> _Work to complete_
Could you print, exactly and without pictures, only the lines from the one with "REMAX Brand refresh - Behance 17.jpg" through the end of the records below?

═════ Record extracts ═════

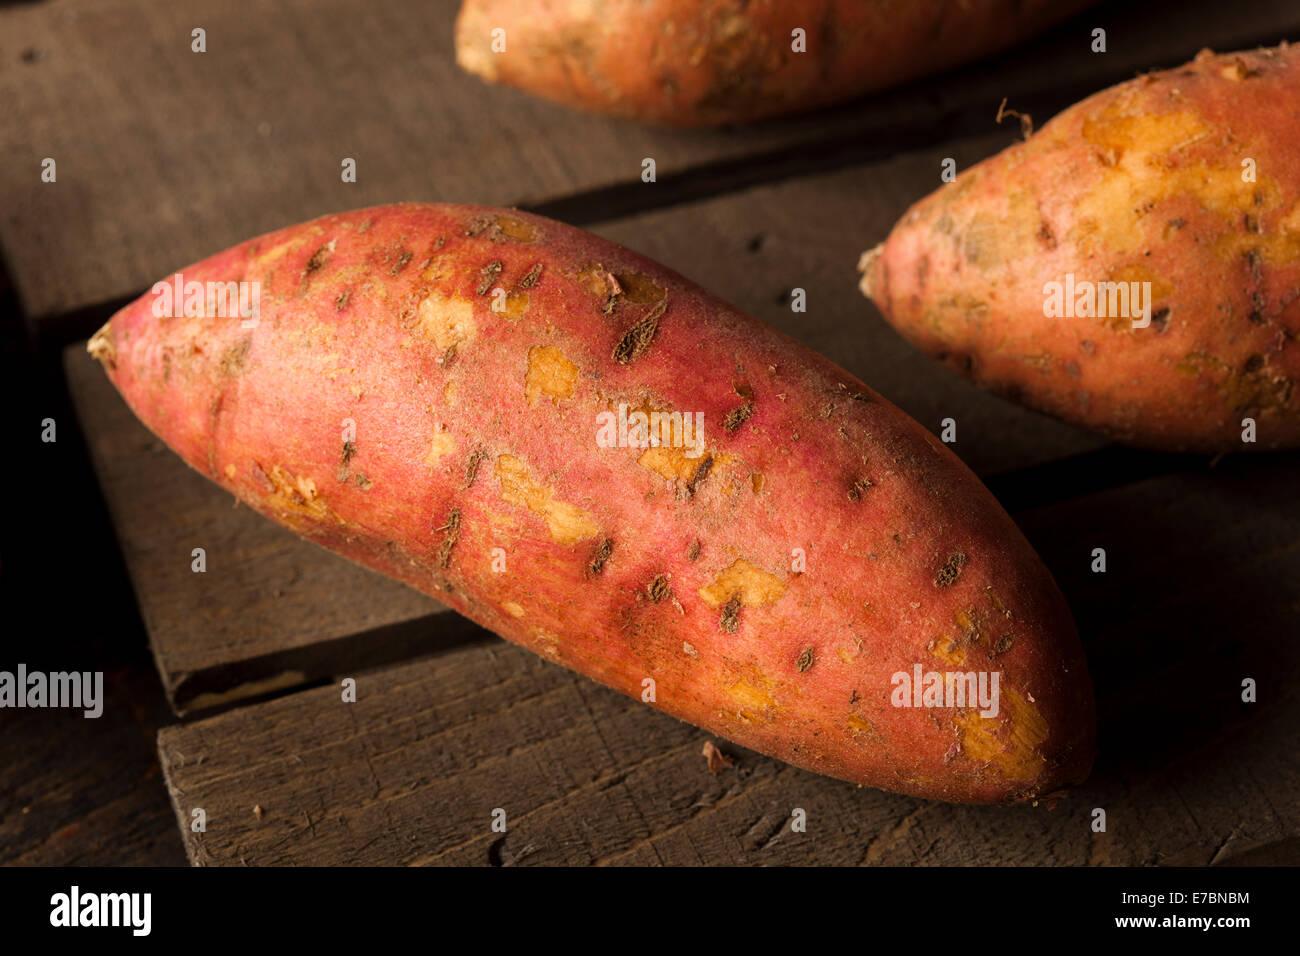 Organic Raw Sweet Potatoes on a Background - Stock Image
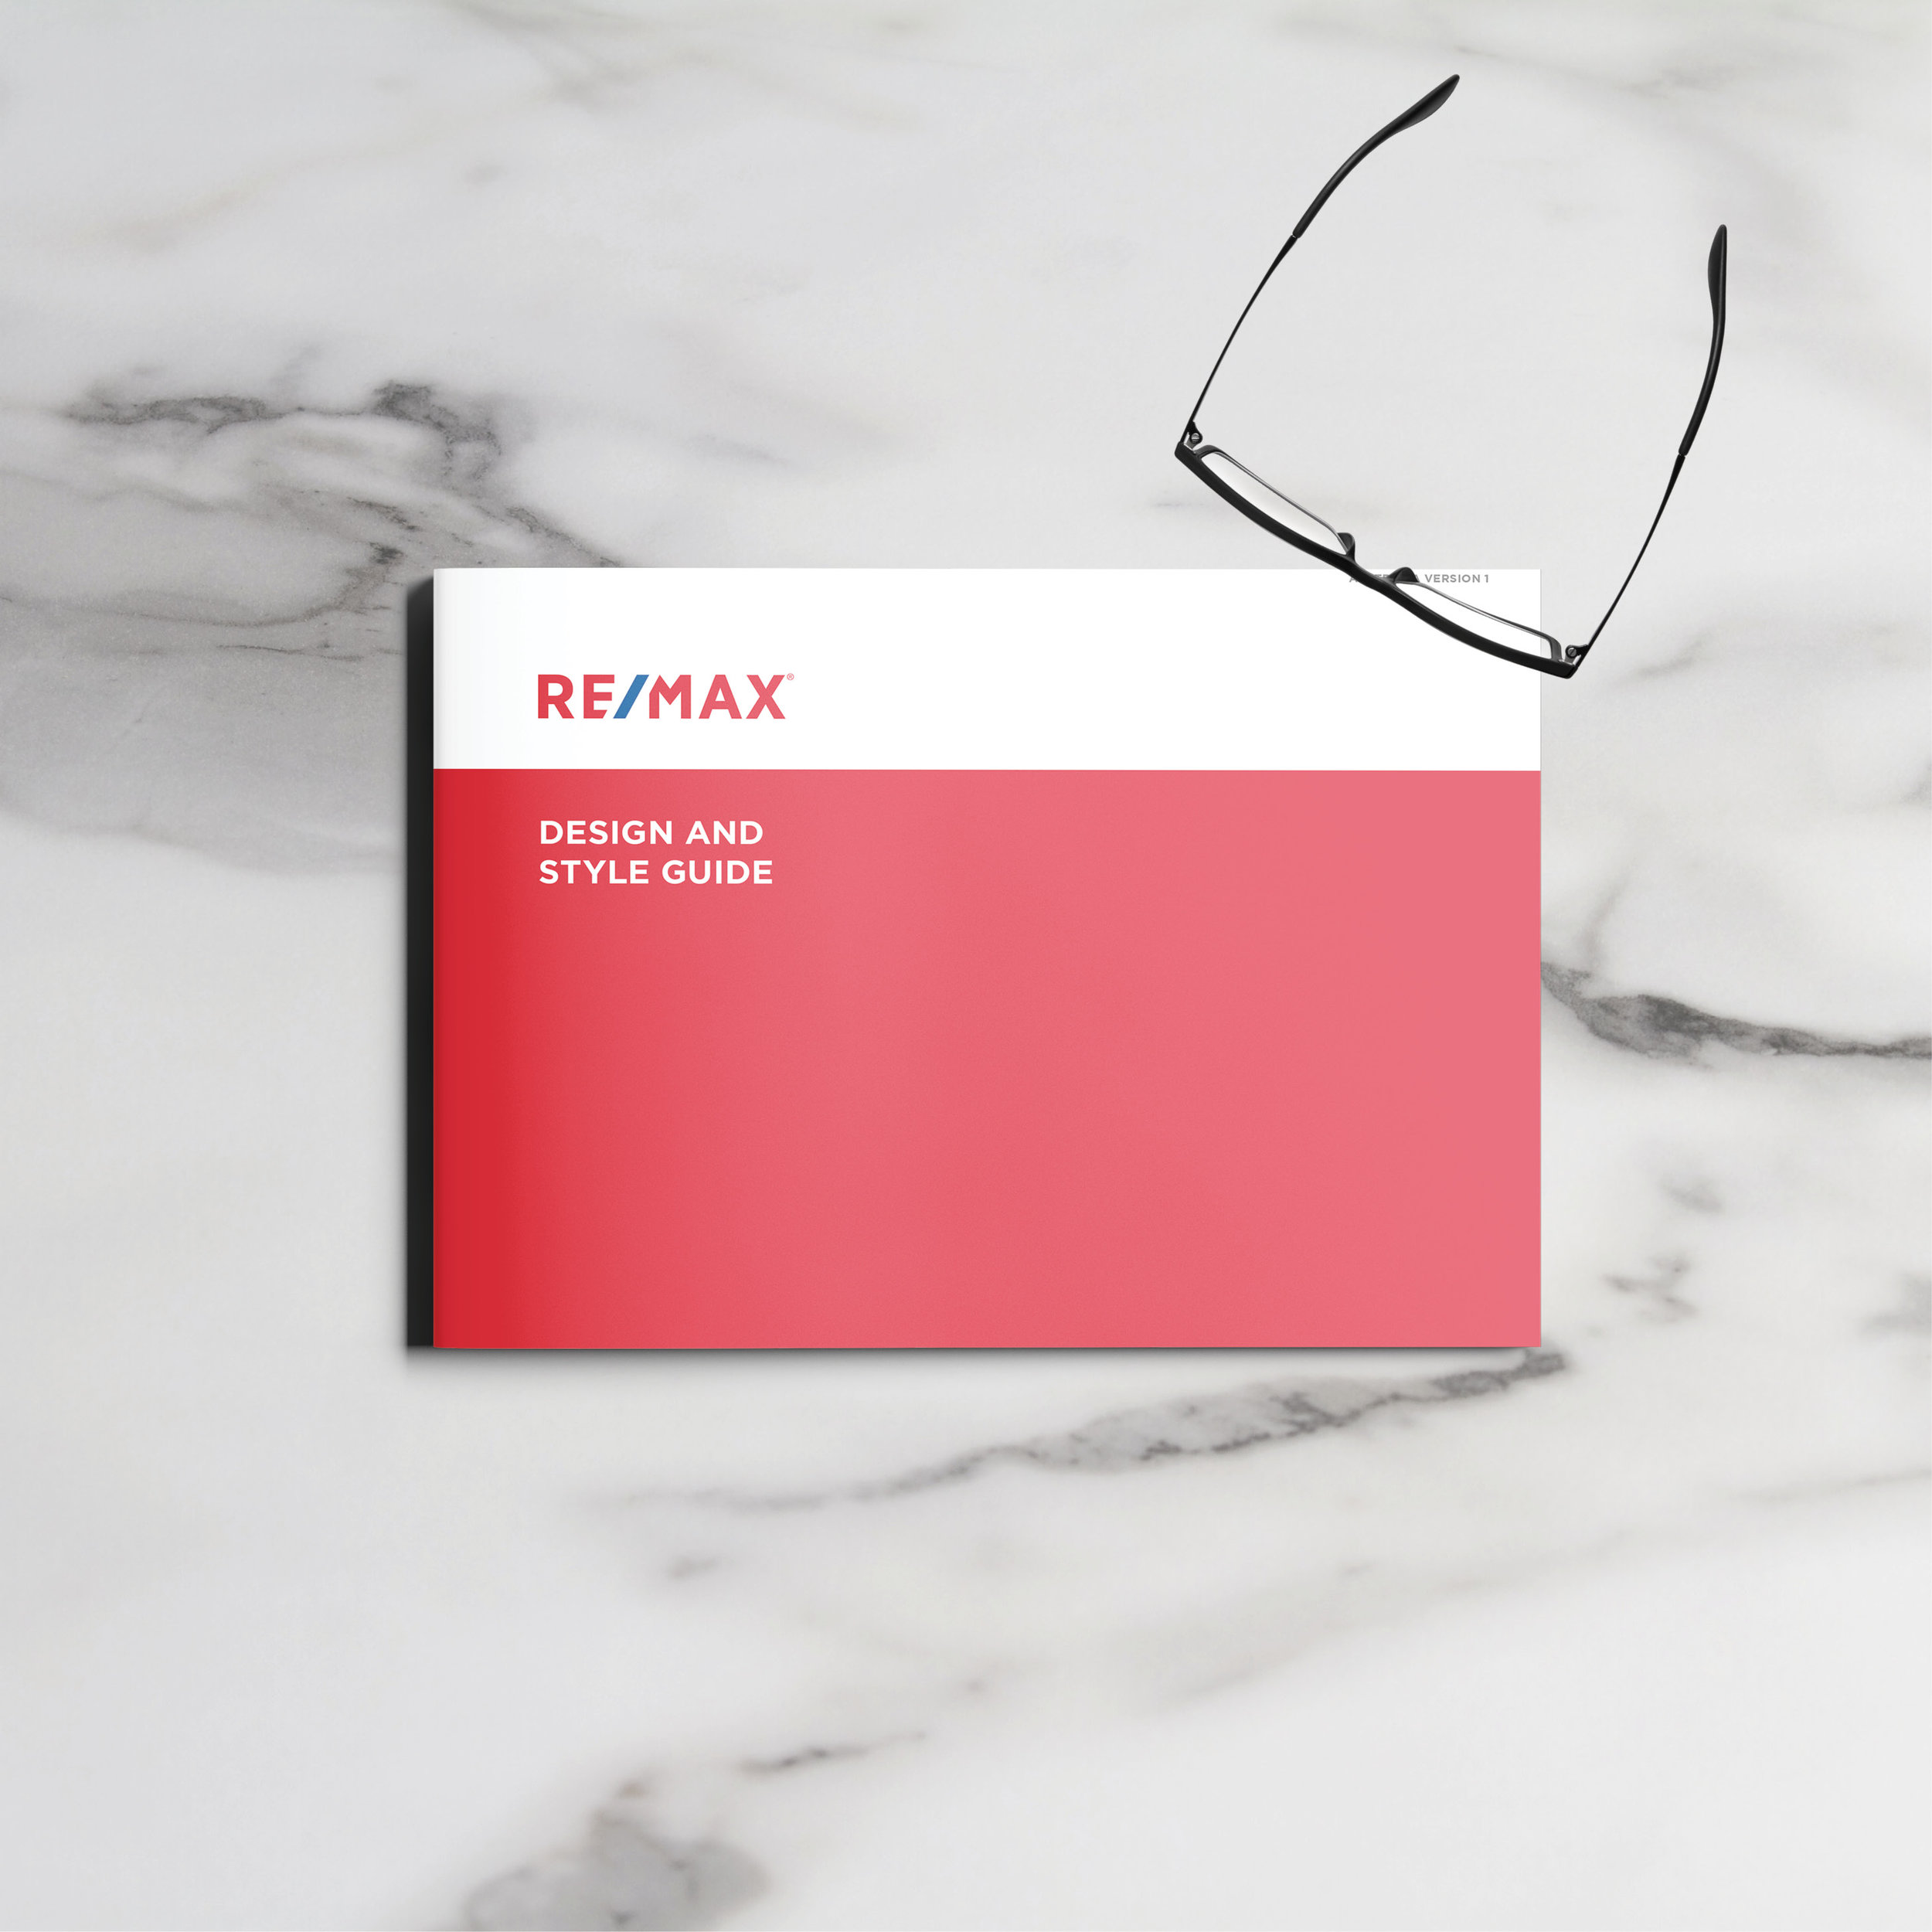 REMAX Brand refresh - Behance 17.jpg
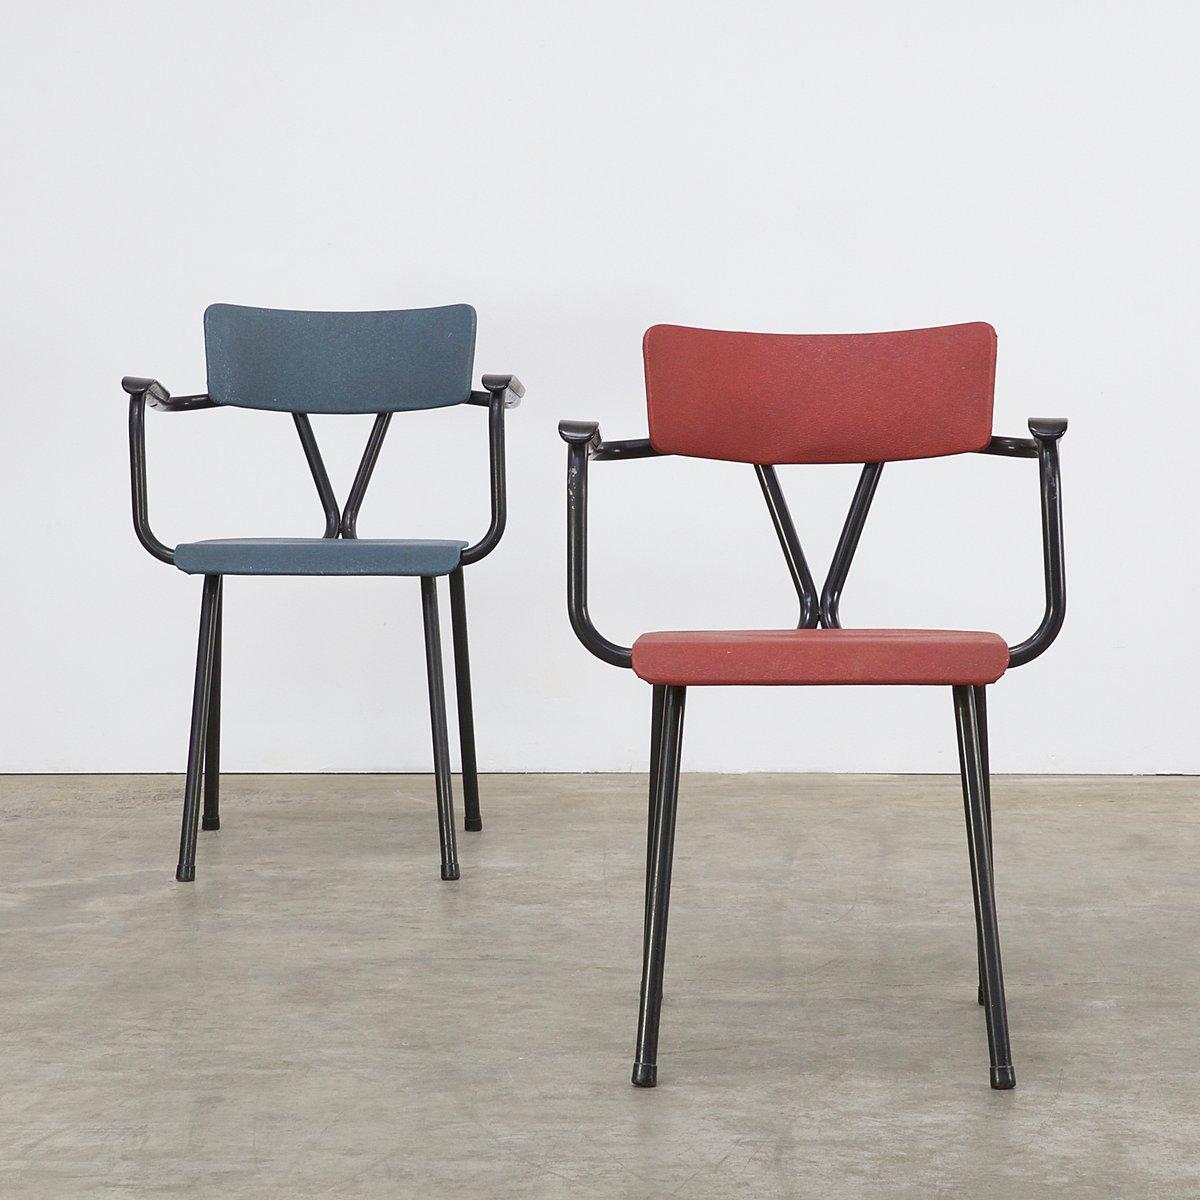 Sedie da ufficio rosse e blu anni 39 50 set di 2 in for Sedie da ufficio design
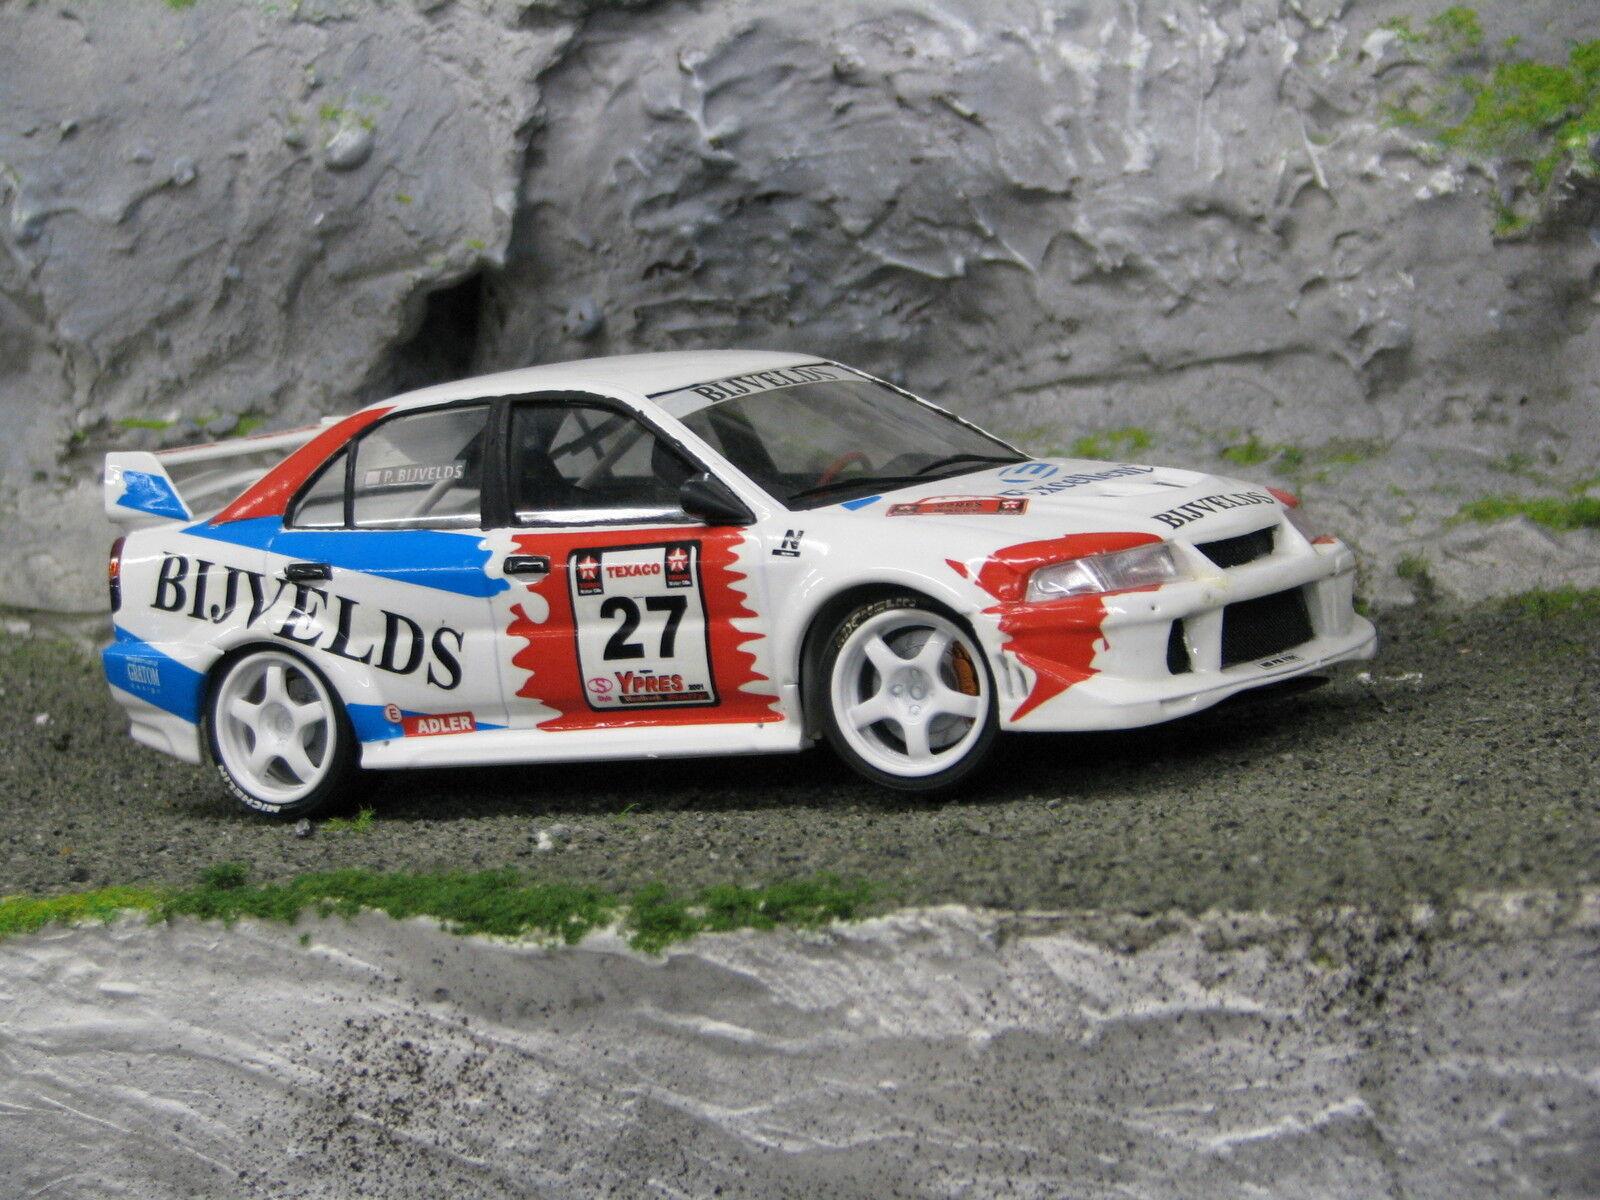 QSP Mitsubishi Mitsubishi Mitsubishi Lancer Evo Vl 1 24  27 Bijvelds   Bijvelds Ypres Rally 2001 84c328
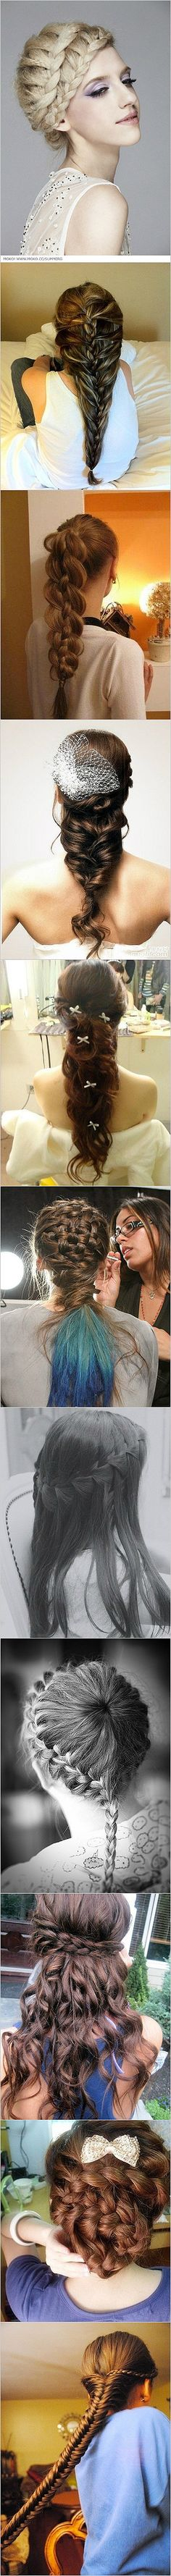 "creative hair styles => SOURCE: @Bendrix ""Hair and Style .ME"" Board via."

═════

> _Answer for the task_
 REMAX Brand refresh - Behance 17.jpg
 Sedie da ufficio rosse e blu anni 39 50 set di 2 in for Sedie da ufficio design
 QSP Mitsubishi Mitsubishi Mitsubishi Lancer Evo Vl 1 24  27 Bijvelds   Bijvelds Ypres Rally 2001 84c328
 "creative hair styles => SOURCE: @Bendrix ""Hair and Style .ME"" Board via."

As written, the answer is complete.